◆ **Instructions for the task**
In the copy, include exactly the lines from the one with "Haile Selassie: His" through the end of the data and no others, both ends kept, with every picture left out.

◆ **Data for analysis**
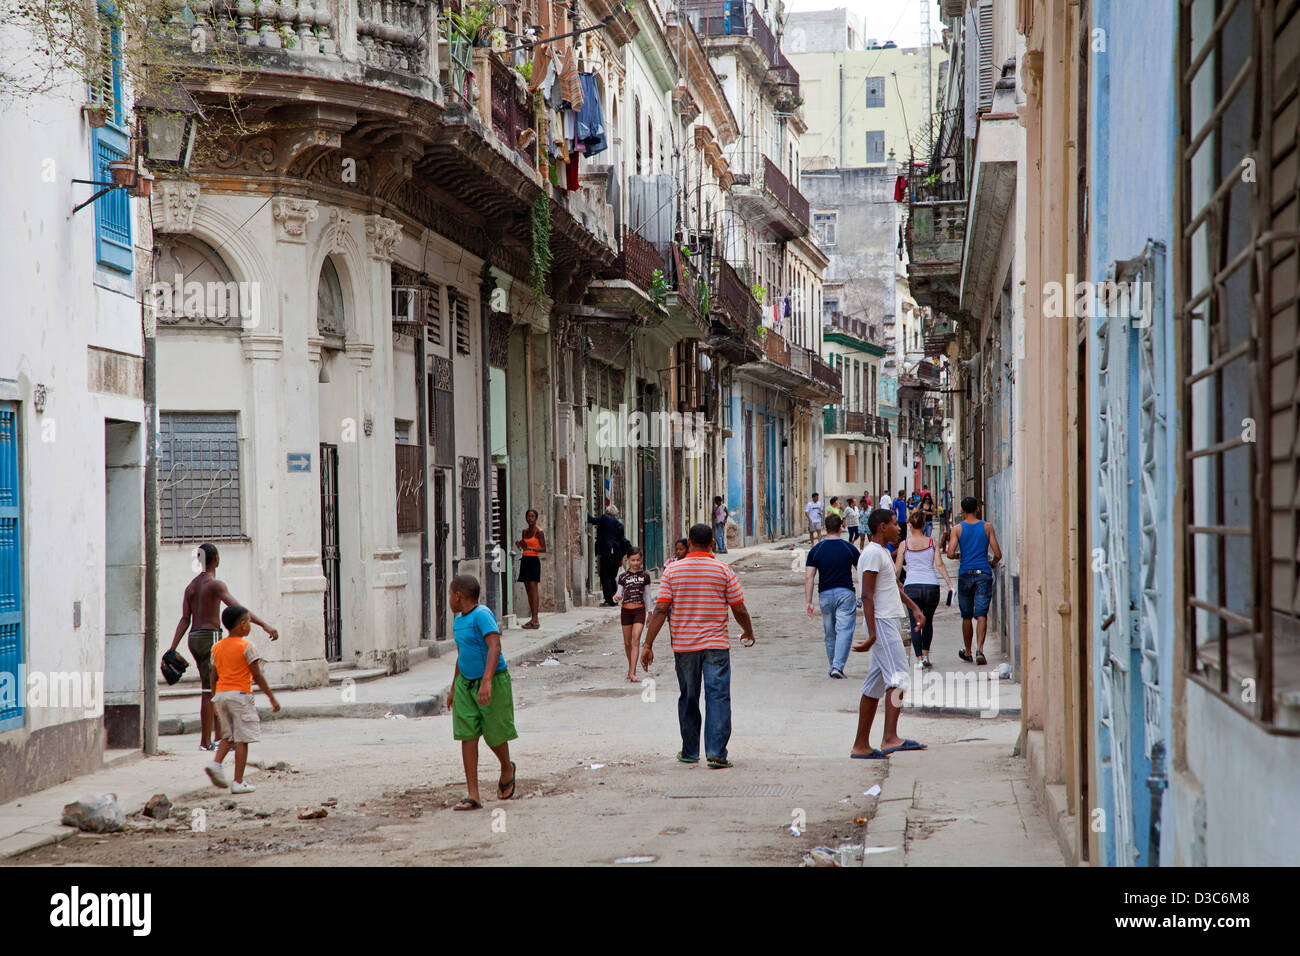 Jugendliche in verfallene Straße in Alt-Havanna / La Habana Vieja, Kuba, Caribbean Stockfoto
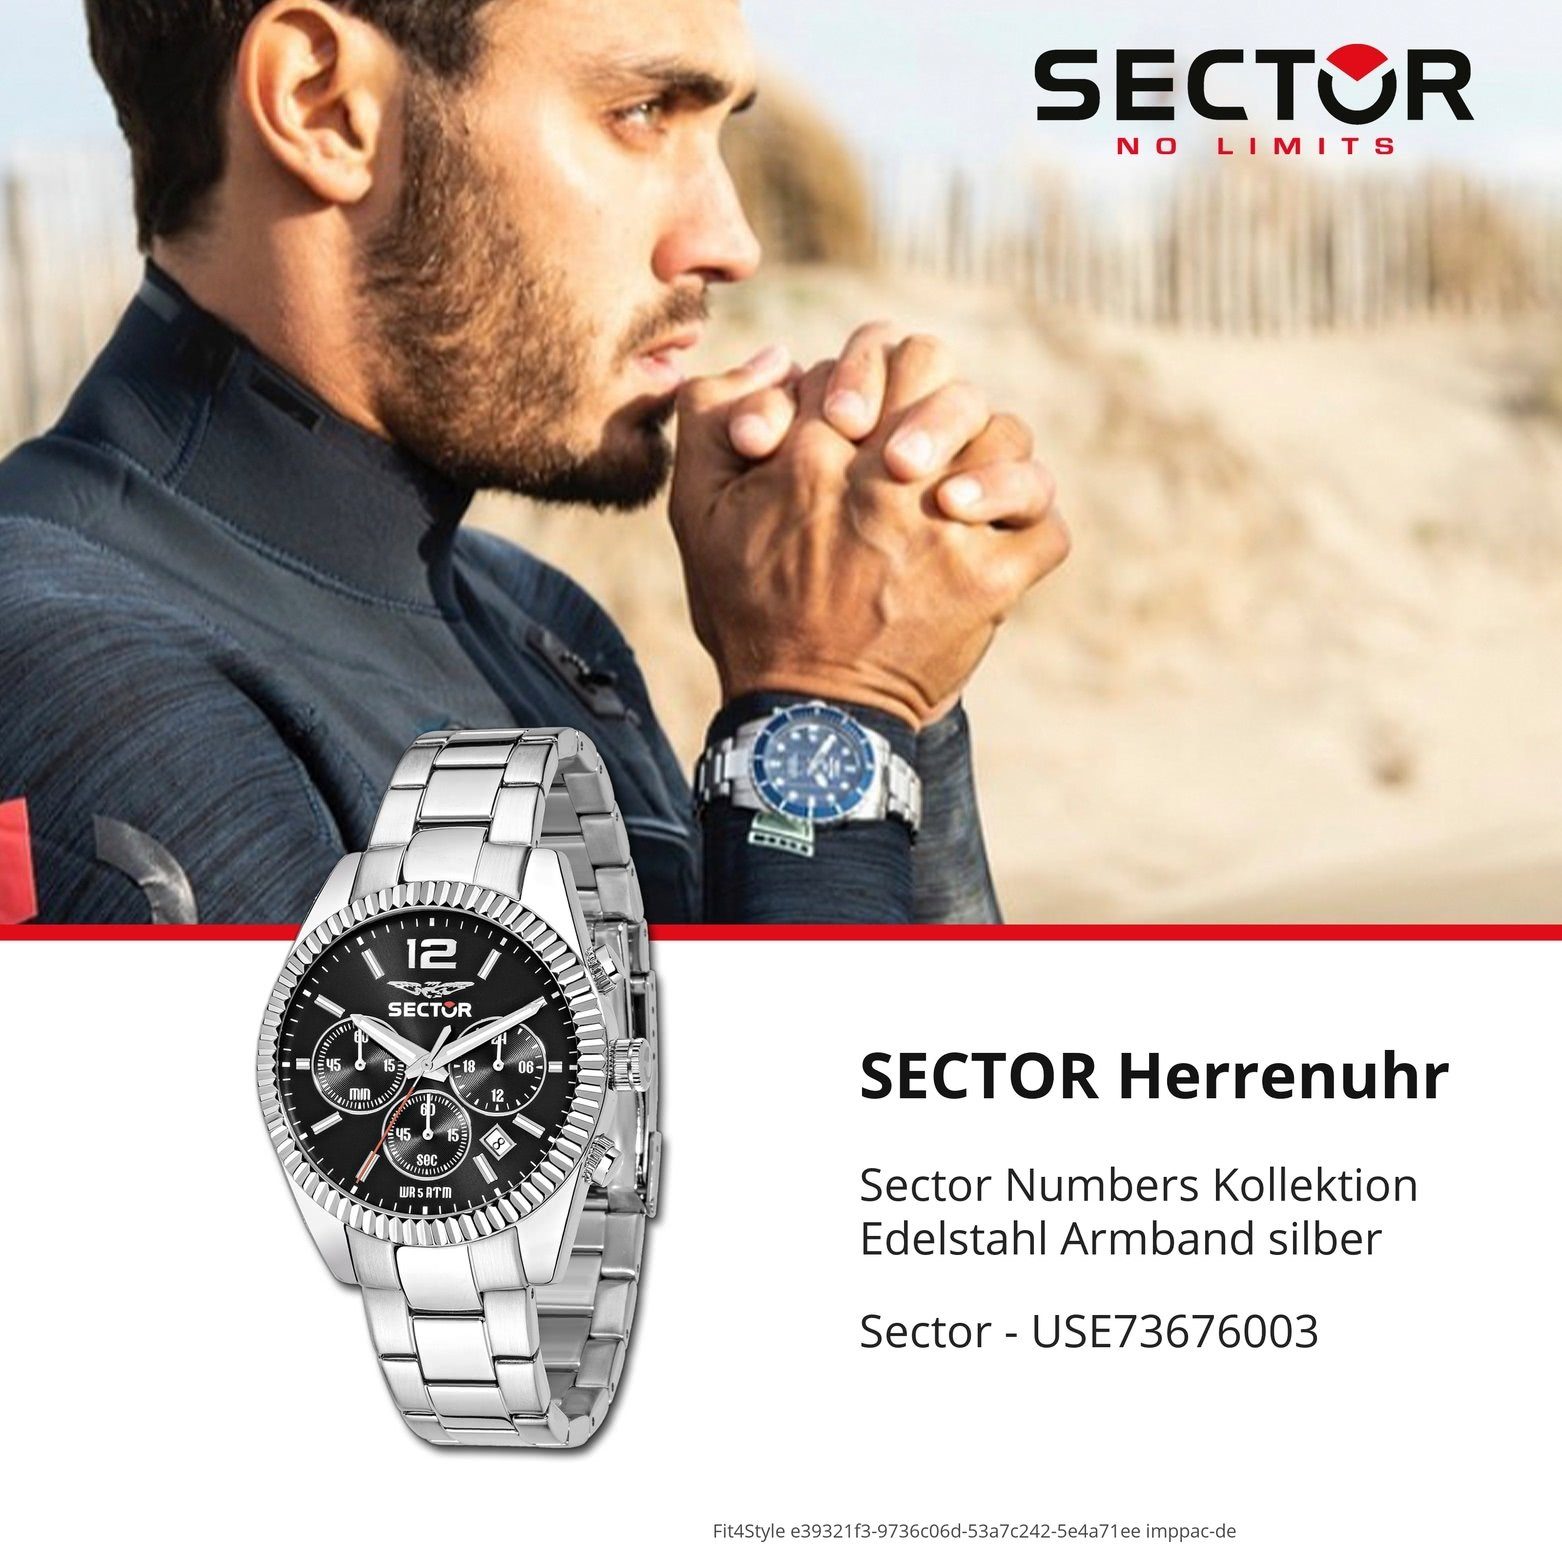 (ca. Sector Herren Herren rund, silber, Sector Edelstahlarmband 43mm), Chronograph Armbanduhr Armbanduhr Chrono, Fashion
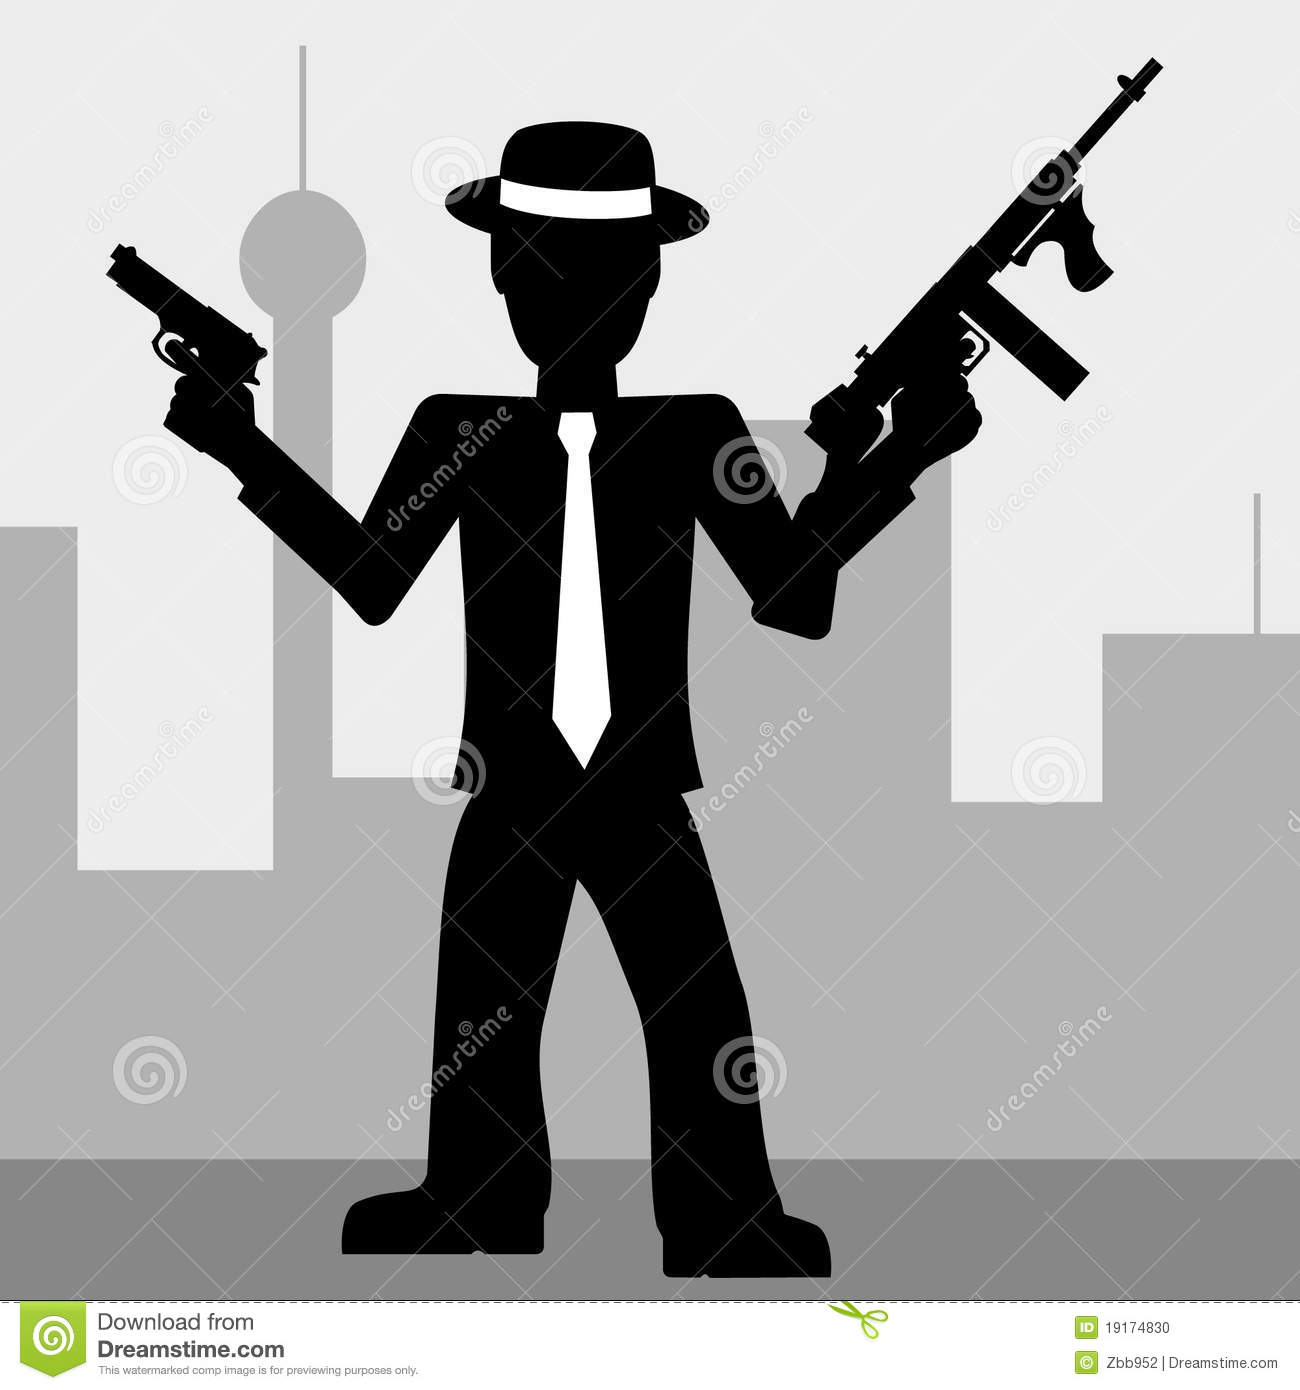 More Similar Stock Images Of   Mafia Man With Guns
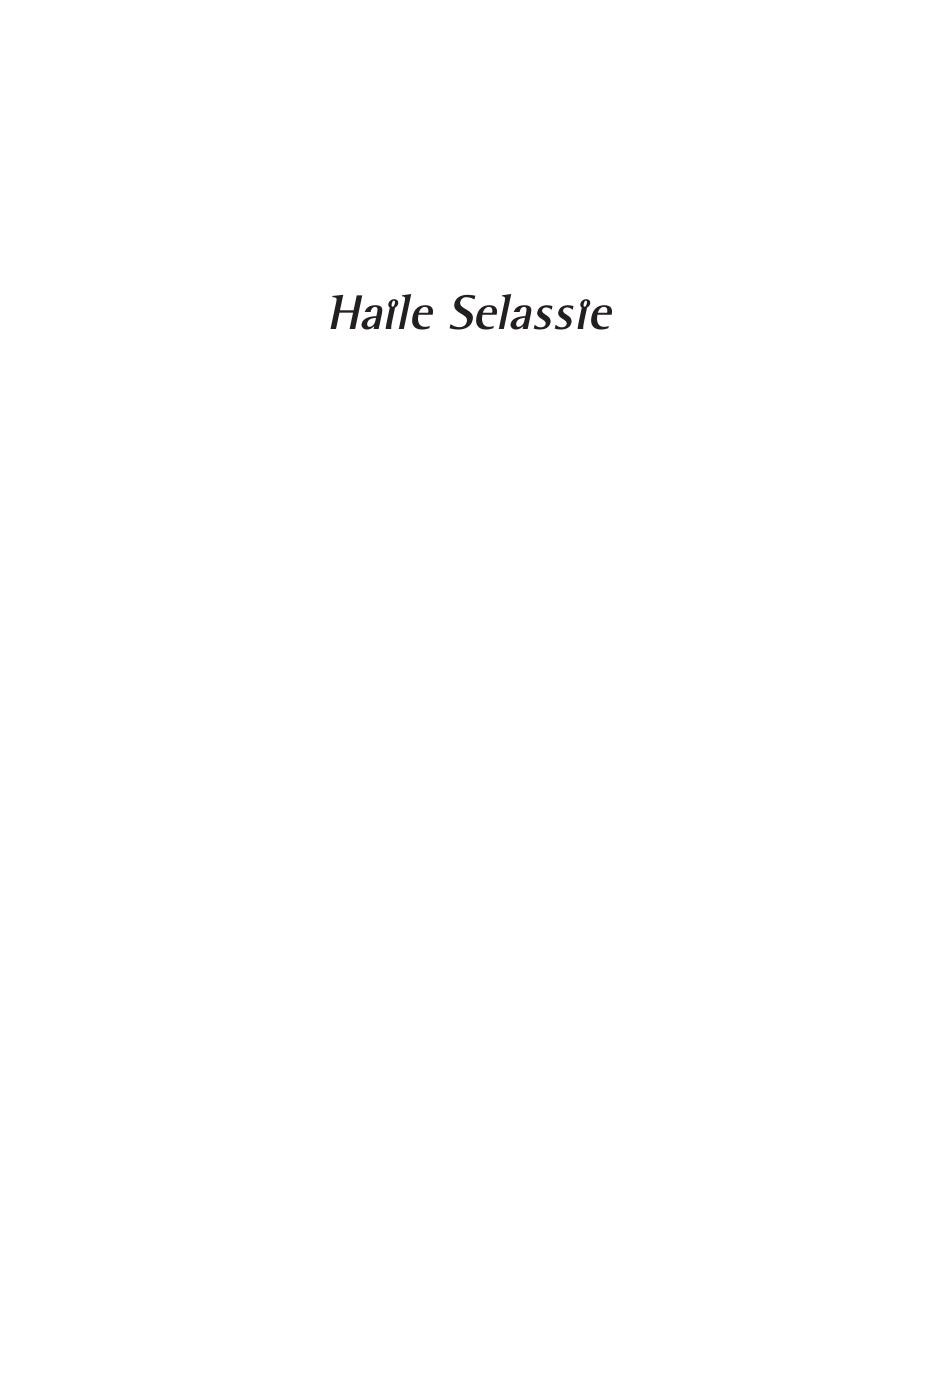 Haile Selassie: His Rise, His Fall by Haggai Erlich
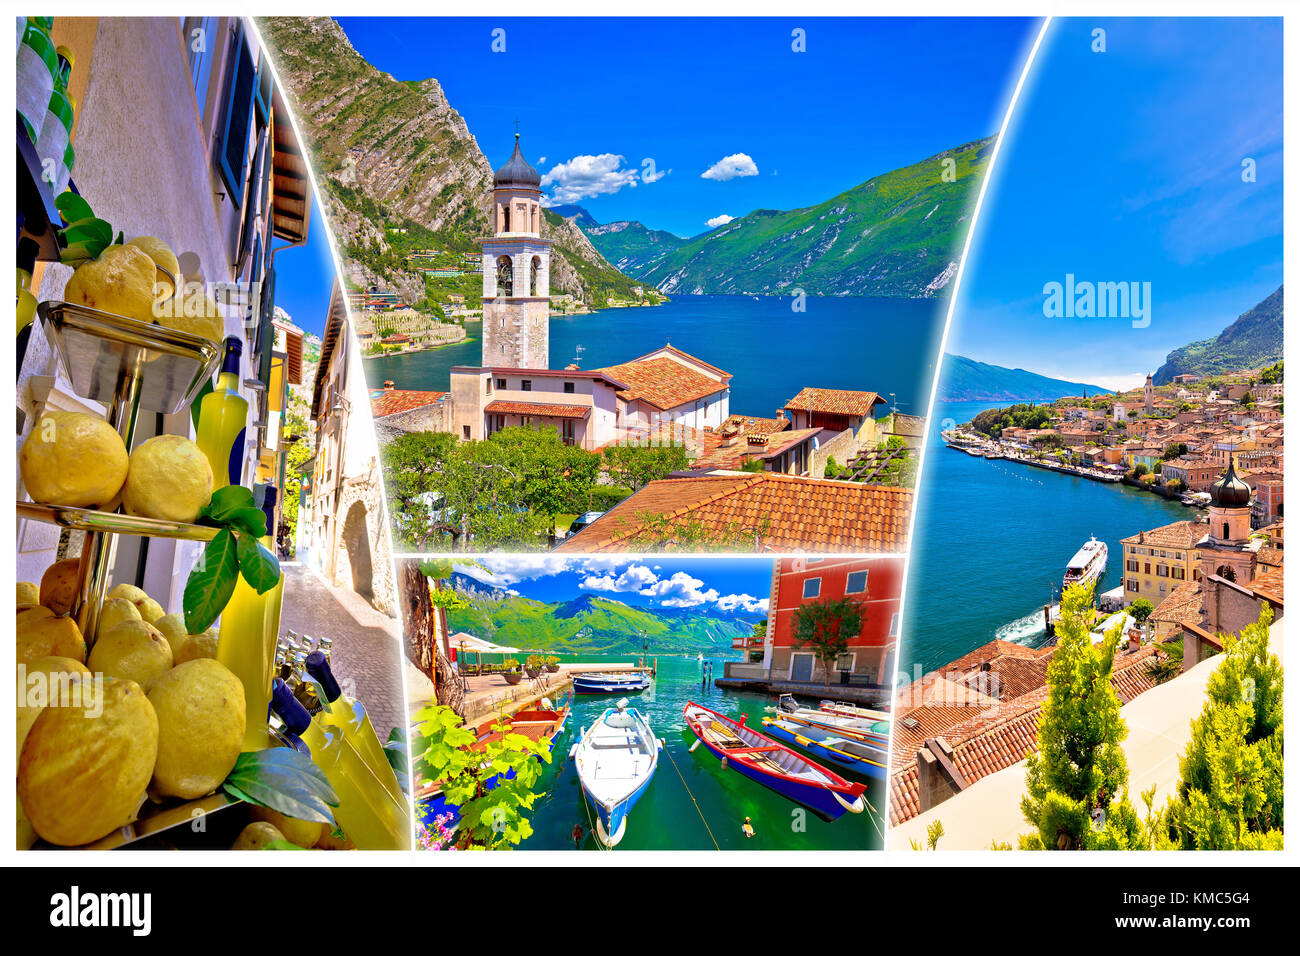 Limone Sul Garda Collage Carte Postale De Destination Touristique Lac De Garde En Lombardie Region De L Italie Photo Stock Alamy

◆ **Response**
 Haile Selassie: His Rise, His Fall by Haggai Erlich
 Limone Sul Garda Collage Carte Postale De Destination Touristique Lac De Garde En Lombardie Region De L Italie Photo Stock Alamy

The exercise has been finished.